In one of the larger efforts to describe variables associated with mortality in MRSA pneumonia, Haque and colleagues analyzed 251 cases of MRSA pneumonia [12]. As others have shown, severity of illness was the main driver of outcomes. However, they failed to even examine concurrent bacteremia as a potential factor affecting eventual survival [12]. Finally, Schreiber et al. specifically explored the potential significance of secondary bacteremia in MRSA pneumonia. They concluded that bacteremia was seen in 20 % of cases of MRSA pneumonia and that bacteremia independently increased the risk for death sixfold. However, this analysis included only 59 subjects and enrolled both those with MRSA and MRSA pneumonia [11]. Reflecting concerns about the seriousness of MRSA as a cause of pneumonia, some have proposed specific MRSA pneumonia treatment paradigms based on the presence or absence of bacteremia, and our results demonstrate the importance of this confounding issue (6.7).
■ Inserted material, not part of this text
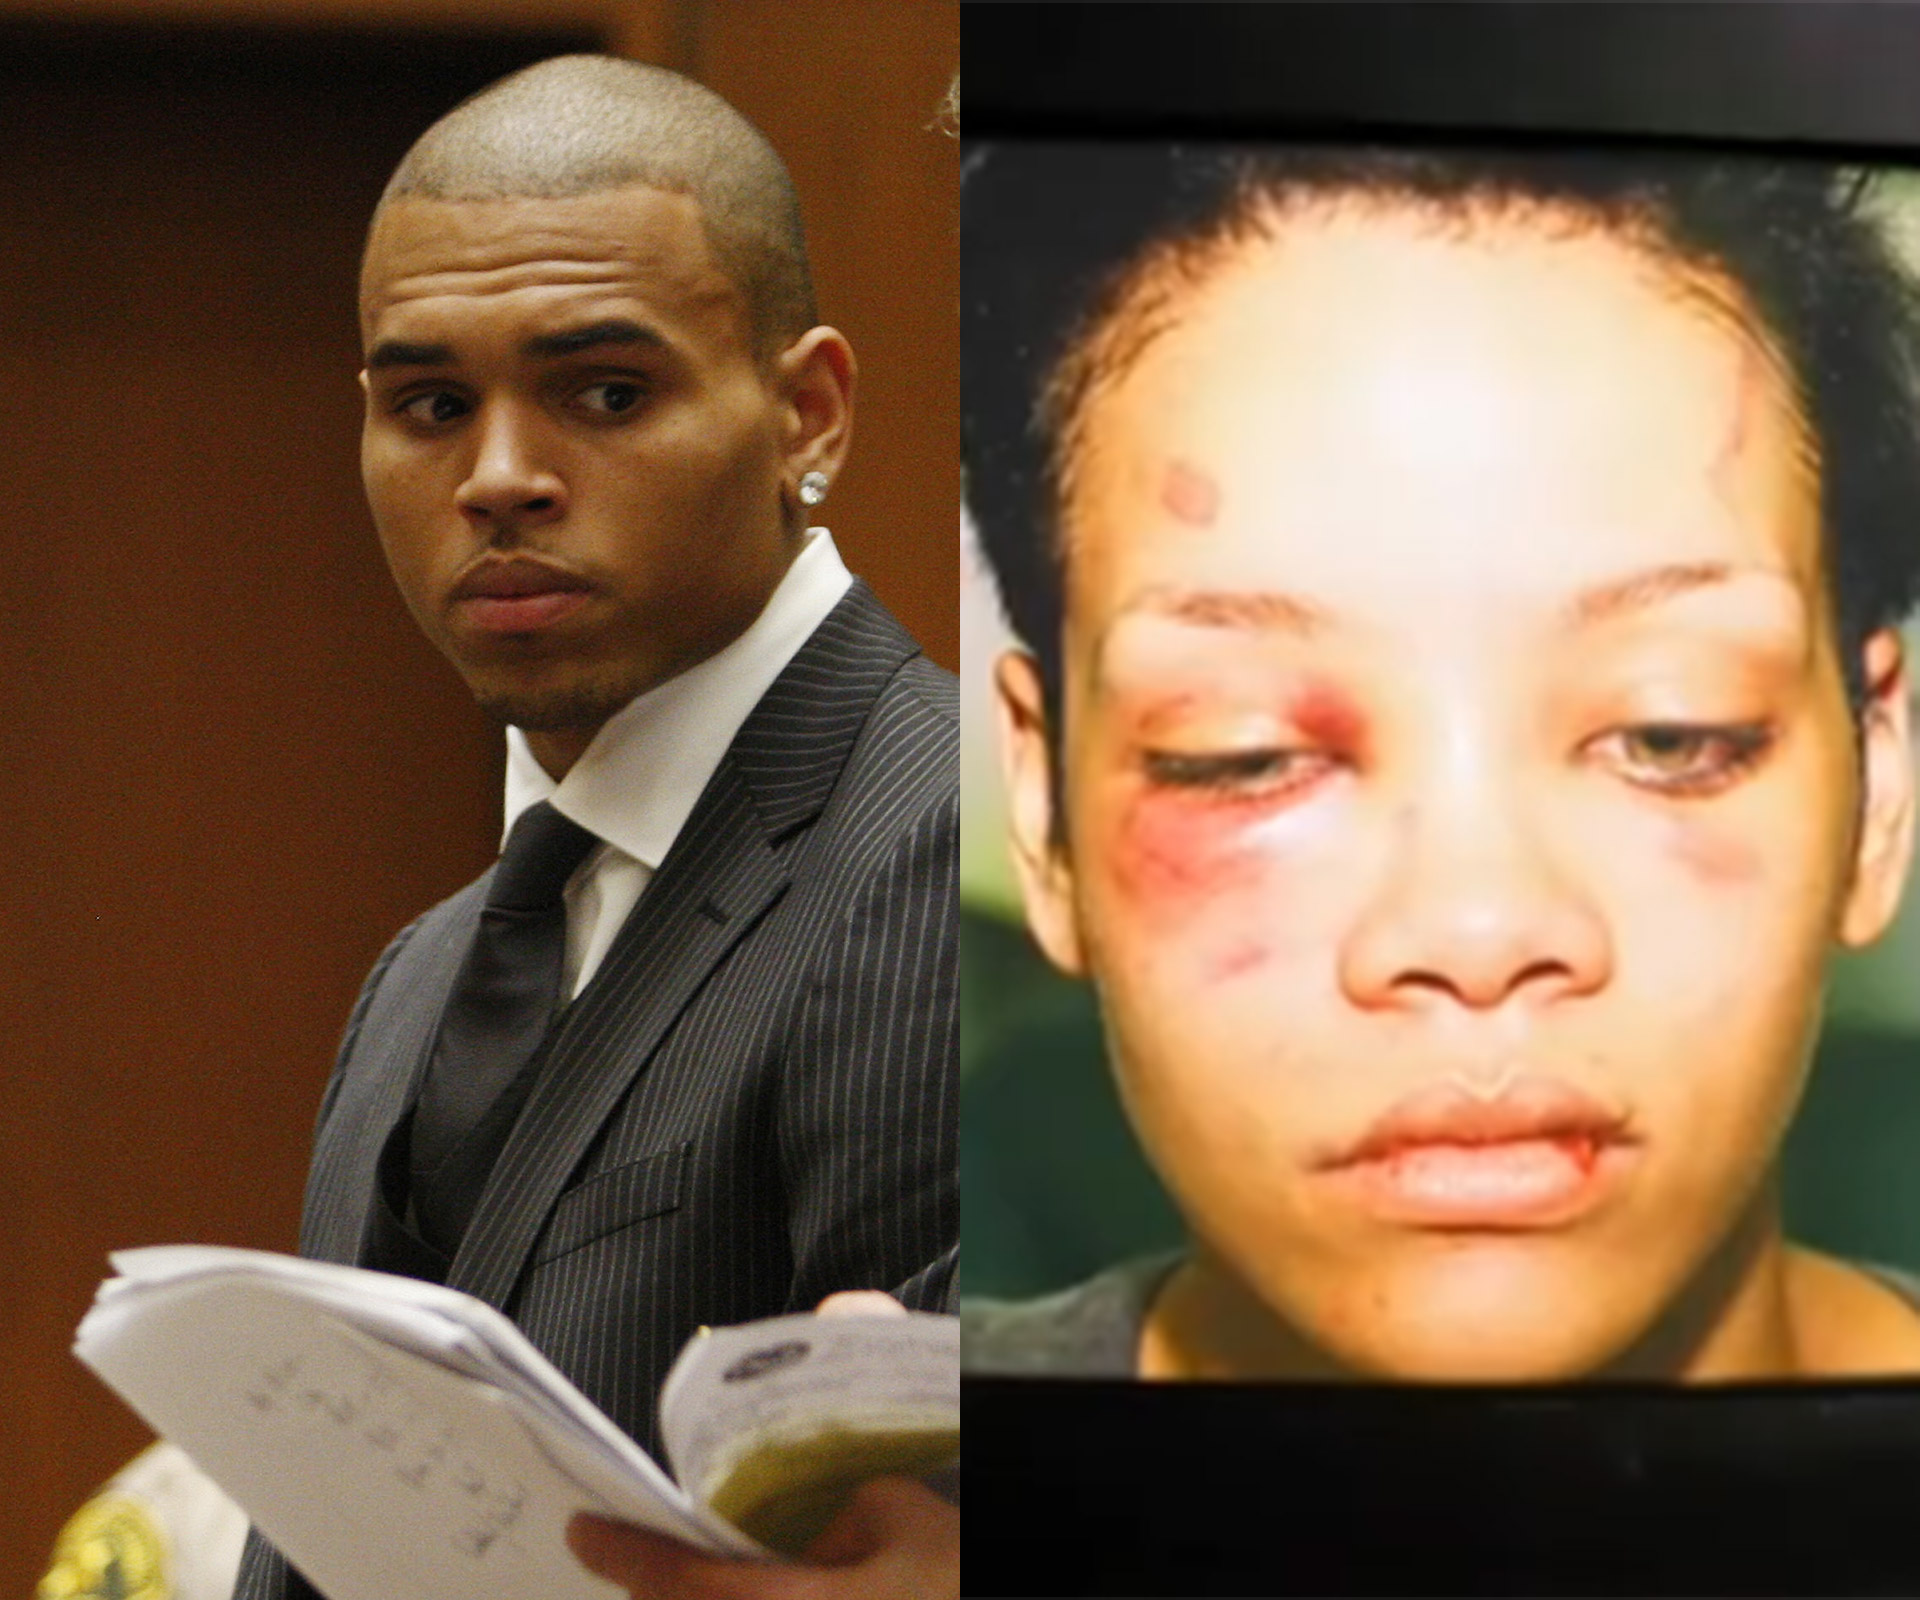 Chris Brown recounts moment he punched Rihanna in the face with a “closed fist”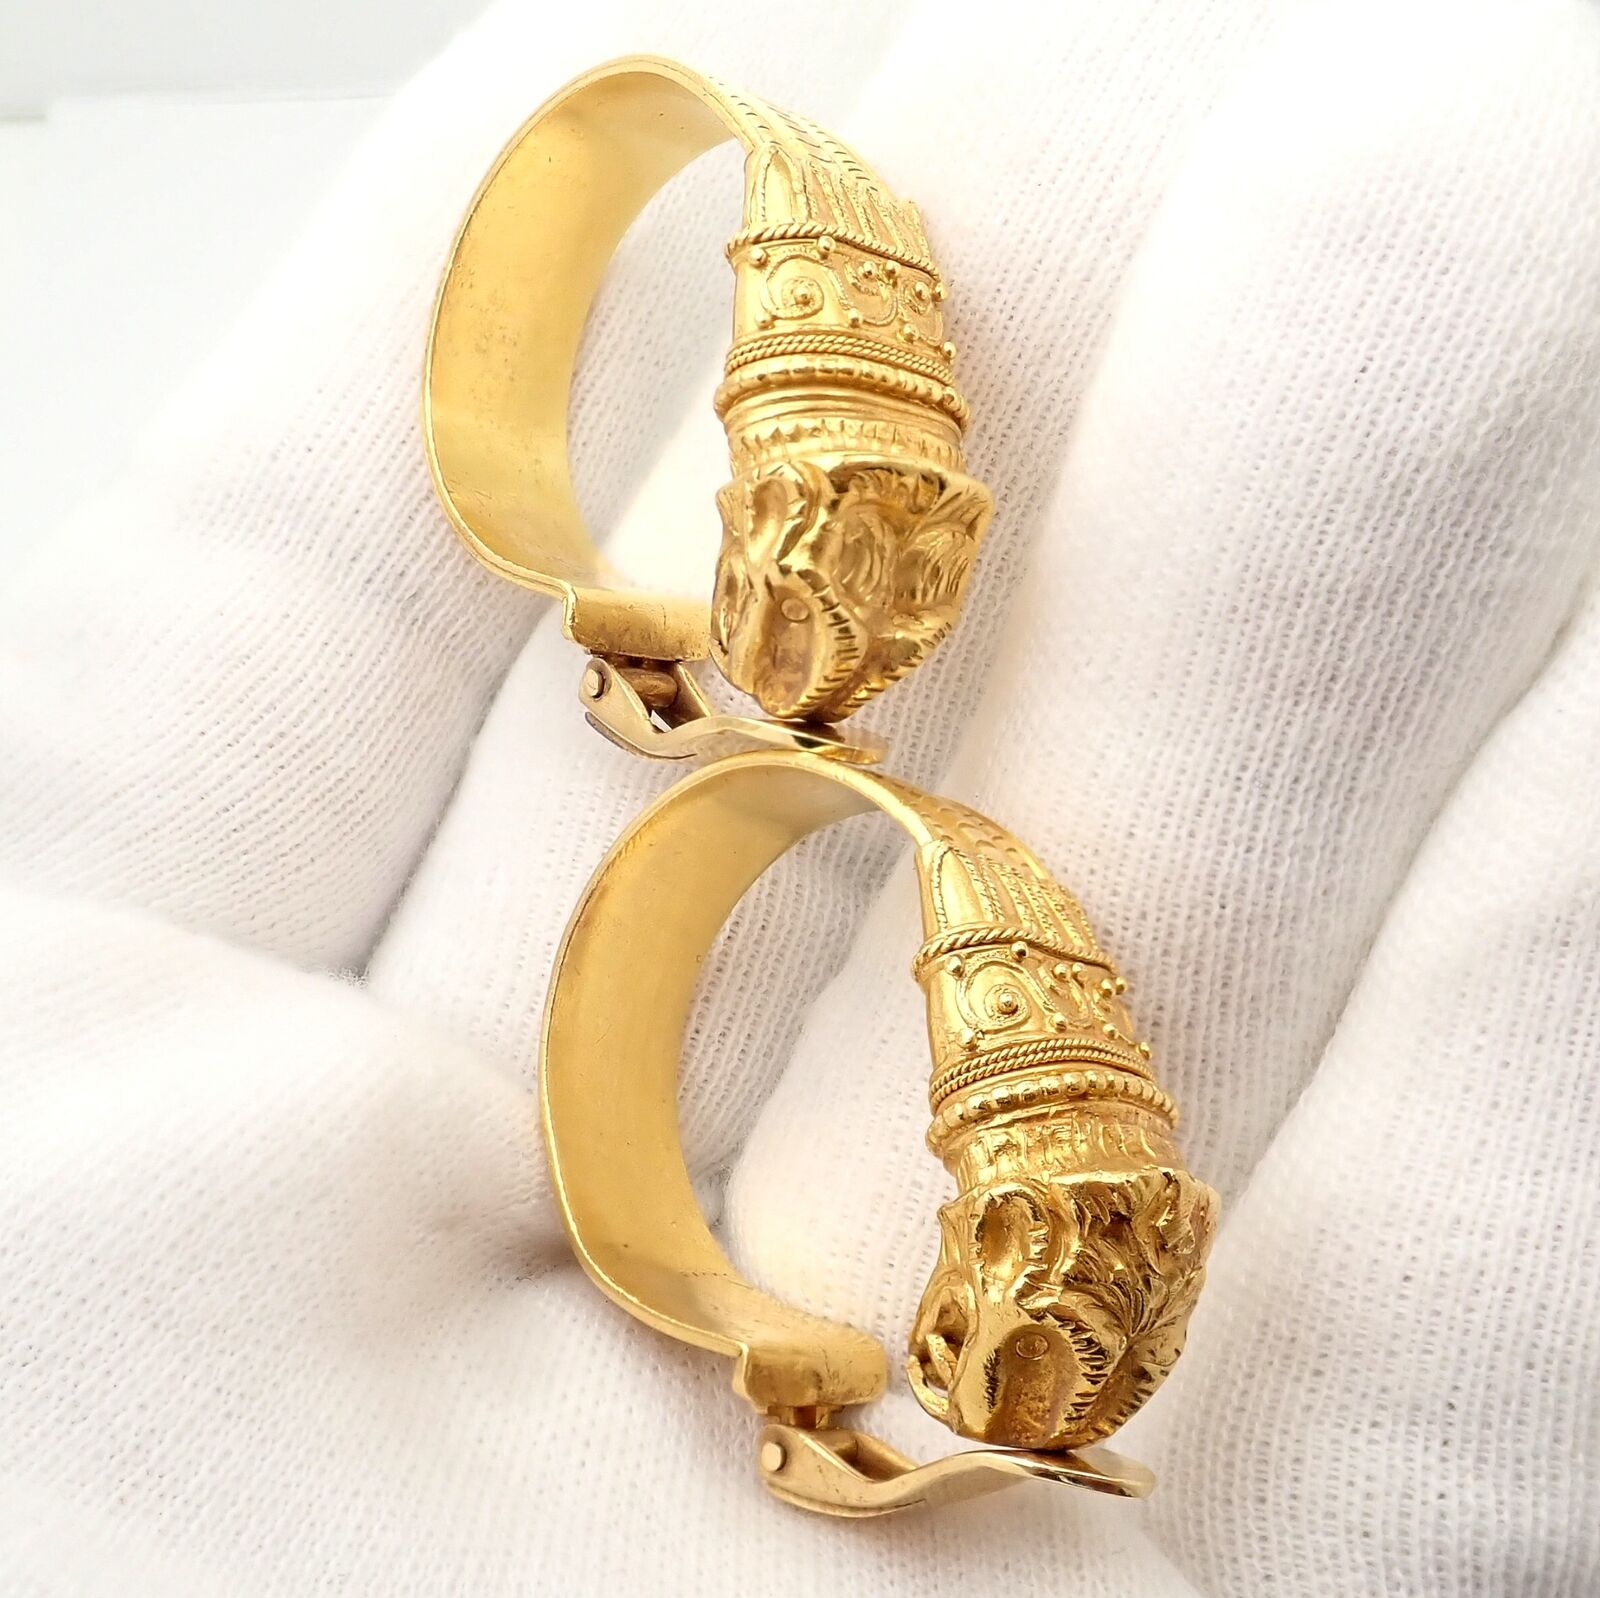 Lalaounis Jewelry & Watches:Vintage & Antique Jewelry:Earrings Vintage Estate Ilias Lalaounis 18k Yellow Gold Cobra Chimera Hoop Earrings

Our study expands on these earlier reports. We confirm a general association between concomitant bacteremia and worse outcomes in MRSA pneumonia. Unlike prior analyses, we evaluated a large cohort of MRSA pneumonia. Furthermore, our cohort was fairly heterogeneous in that it included all cases of MRSA pneumonia, irrespective of pneumonia subtype (e.g., HCAP vs. VAP). This fact helps to establish the generalizability of our findings. The relatively large sample size additionally allows us to better control for a variety of confounders that others could not address as fully. We also establish that concurrent bacteremia adds substantially to hospital LOS. This observation is novel as others have not examined this issue previously. The deleterious impact on LOS is independent of multiple potential confounders. Given that bacteremia remains associated with a greater LOS, our findings suggest that future studies should focus on this cohort of patients in order to determine if some different treatment paradigm might mitigate the negative impact of concurrent bacteremia on LOS. Finally, all patients in this report received timely therapy, reducing the risk that an initial delay in antibiotic treatment confounds our conclusions.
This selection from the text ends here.